[BUG] Certain PDF files result in TextAbsorber getting trapped in an infinite Loop, eating up all the memory and finally crashing everything

We are using the TextAbsorber to extract text and index a large number of PDF files. There are a couple of files where everything will just hang up because TextAbsorber becomes stuck in an infinite loop.

Apparently it tries to read past the end of the stream, catches the exception an tries again - forever.

Since the exception is handled internally and never thrown I can’t handle it myself either.

The file itself seems to be fine, no PDF application has any complaints when opening it.

Can I somehow provide you with the PDF in question privately?

@WGAZTgmbh

It seems you are experiencing an issue with the TextAbsorber in Aspose.PDF, where it gets stuck in an infinite loop while processing certain PDF files. This can indeed be frustrating, especially when it leads to excessive memory consumption and crashes.

Unfortunately, the internal handling of exceptions in the TextAbsorber may prevent you from managing this situation directly in your code. However, here are a few suggestions that might help you troubleshoot or mitigate the issue:

  1. Update Aspose.PDF: Ensure that you are using the latest version of the Aspose.PDF library. Sometimes, bugs are fixed in newer releases, and updating might resolve the issue.

  2. Test with Different Options: If you haven’t already, try using different constructors of the TextFragmentAbsorber.

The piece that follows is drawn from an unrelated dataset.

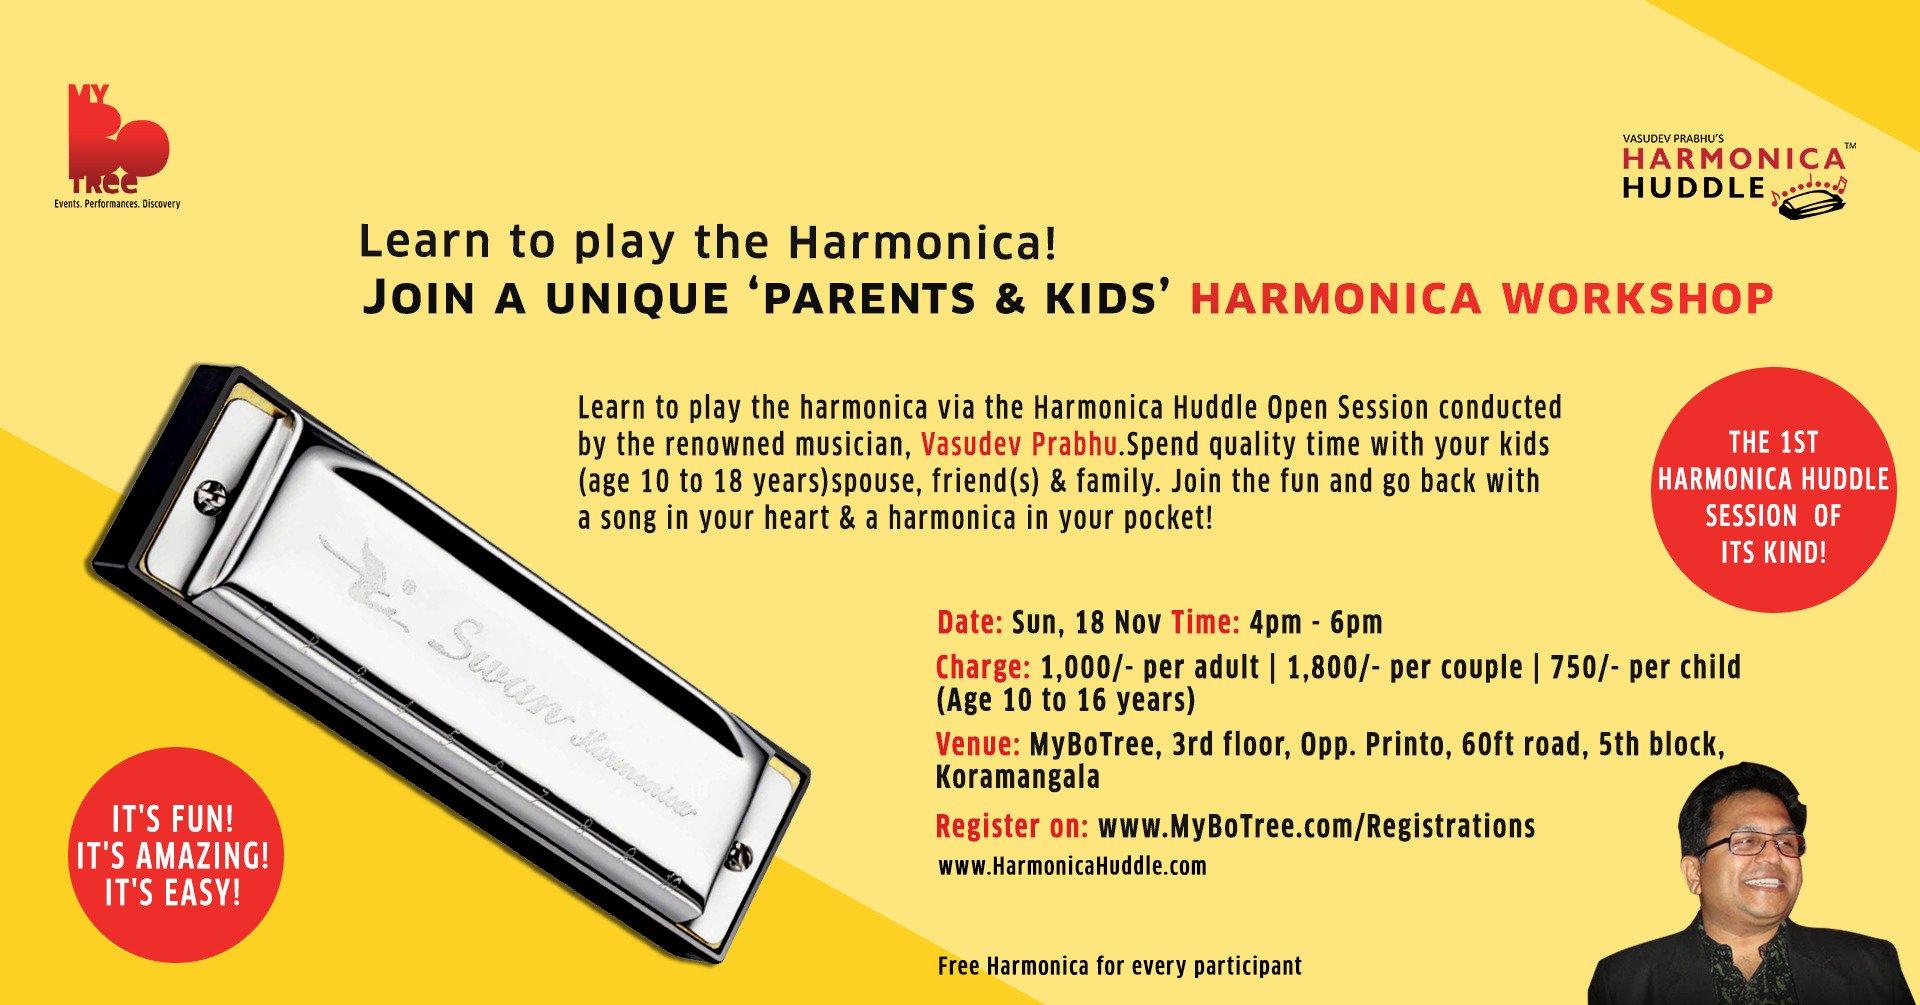 Harmonica Huddle

For example, you can initialize it with specific text search options or edit options to see if that changes the behavior.

  3. Isolate the Problematic PDF: If possible, try to isolate the specific PDF files that cause the issue. This can help in reporting the bug to Aspose support, as they may need to analyze the file to understand why the TextAbsorber is failing.

  4. Contact Support: Since you mentioned the possibility of providing the PDF file privately, consider reaching out to Aspose’s support team directly. They may have more tools at their disposal to diagnose the issue and provide a fix or workaround.

  5. Review Documentation: Check the official documentation for any notes on known issues or limitations with the TextFragmentAbsorber. This might provide insights into how to avoid such situations.

If you continue to face this issue, I recommend sharing your findings with the Aspose community or support team, as they may have encountered similar reports and could offer a more tailored solution.

If you have any further questions or need additional assistance, feel free to ask!